* [EXERCISE DATA]
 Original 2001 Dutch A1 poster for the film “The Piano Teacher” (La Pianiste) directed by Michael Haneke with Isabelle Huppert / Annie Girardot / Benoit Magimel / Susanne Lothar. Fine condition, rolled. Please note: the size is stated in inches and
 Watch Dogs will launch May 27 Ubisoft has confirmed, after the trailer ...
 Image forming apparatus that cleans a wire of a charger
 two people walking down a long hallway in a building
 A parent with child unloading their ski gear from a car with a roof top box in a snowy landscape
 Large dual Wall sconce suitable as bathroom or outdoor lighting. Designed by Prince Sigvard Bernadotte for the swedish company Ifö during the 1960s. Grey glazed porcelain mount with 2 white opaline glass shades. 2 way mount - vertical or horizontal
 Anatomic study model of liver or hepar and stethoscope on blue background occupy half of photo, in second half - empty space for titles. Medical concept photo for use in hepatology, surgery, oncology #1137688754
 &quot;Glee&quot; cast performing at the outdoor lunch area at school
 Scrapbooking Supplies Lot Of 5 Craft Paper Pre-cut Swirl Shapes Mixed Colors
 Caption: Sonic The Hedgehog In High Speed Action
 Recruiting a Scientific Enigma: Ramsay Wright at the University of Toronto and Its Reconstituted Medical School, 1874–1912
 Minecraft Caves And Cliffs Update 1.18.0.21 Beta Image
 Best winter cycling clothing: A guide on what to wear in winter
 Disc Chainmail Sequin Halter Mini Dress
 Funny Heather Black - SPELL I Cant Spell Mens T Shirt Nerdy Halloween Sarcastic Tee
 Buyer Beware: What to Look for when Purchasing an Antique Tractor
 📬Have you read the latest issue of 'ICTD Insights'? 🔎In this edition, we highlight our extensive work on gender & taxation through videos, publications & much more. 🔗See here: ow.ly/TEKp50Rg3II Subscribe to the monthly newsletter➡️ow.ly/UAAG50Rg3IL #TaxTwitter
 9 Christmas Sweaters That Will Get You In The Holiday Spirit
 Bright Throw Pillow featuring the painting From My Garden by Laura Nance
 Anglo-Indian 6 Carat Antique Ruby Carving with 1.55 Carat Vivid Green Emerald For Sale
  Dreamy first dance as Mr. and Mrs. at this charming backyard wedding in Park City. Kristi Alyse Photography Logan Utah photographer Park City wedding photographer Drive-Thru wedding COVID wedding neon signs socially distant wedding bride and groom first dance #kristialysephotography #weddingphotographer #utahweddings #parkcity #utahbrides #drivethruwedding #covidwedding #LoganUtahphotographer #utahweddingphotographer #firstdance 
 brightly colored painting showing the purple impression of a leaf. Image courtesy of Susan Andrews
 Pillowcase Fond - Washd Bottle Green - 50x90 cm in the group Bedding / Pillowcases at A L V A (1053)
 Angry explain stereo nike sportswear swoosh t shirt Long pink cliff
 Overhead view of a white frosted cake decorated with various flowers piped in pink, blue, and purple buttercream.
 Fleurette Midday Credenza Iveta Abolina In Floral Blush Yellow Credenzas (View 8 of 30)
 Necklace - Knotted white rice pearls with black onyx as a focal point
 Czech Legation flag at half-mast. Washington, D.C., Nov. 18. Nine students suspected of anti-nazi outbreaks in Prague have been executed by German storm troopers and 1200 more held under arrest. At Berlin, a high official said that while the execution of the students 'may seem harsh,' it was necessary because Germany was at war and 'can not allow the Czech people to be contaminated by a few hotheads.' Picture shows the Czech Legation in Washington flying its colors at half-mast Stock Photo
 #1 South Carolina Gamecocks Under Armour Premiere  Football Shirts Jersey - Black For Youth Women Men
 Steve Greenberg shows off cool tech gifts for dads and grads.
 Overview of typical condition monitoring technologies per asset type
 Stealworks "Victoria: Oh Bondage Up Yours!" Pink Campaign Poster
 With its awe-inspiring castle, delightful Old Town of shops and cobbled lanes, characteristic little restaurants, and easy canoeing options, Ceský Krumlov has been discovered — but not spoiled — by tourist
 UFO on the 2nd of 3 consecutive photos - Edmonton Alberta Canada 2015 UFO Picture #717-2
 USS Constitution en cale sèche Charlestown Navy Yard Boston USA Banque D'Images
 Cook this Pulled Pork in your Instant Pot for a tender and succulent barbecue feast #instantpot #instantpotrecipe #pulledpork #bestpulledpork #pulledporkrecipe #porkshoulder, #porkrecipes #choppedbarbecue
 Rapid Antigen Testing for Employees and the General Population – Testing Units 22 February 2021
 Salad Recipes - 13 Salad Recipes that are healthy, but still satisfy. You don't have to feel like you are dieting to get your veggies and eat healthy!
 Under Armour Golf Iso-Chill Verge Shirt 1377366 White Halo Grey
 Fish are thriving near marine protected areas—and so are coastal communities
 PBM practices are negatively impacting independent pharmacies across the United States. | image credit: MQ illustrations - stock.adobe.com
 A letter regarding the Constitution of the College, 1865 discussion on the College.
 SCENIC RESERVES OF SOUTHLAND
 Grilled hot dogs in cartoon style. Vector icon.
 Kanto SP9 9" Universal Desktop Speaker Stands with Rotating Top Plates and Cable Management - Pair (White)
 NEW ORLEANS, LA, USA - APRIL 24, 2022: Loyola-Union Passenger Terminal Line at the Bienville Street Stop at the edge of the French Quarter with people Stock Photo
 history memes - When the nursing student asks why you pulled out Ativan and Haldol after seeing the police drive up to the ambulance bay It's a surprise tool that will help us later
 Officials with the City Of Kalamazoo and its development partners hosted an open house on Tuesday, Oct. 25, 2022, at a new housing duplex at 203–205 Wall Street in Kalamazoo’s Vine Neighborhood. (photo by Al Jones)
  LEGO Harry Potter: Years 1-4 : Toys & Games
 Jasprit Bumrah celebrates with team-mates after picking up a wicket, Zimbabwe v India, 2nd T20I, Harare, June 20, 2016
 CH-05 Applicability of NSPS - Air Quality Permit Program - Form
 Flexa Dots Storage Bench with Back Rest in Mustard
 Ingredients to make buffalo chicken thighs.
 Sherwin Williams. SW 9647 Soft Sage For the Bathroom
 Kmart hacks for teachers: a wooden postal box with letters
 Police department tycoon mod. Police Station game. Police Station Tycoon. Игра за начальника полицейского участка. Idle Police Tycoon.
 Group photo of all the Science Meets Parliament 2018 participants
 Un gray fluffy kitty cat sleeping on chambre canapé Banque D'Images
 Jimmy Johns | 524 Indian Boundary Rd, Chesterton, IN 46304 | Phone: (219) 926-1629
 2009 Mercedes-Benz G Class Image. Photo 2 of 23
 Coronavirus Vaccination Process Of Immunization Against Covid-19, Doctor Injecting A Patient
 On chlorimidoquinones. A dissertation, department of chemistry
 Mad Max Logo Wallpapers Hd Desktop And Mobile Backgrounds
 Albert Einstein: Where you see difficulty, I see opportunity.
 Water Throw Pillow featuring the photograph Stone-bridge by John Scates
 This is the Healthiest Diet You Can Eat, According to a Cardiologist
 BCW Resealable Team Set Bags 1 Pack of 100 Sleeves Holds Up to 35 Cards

* [WHAT YOU WILL DO] Count the lines above that contain "Grey", and give only the number.

* [RESPONSE FOR THIS EXERCISE] 2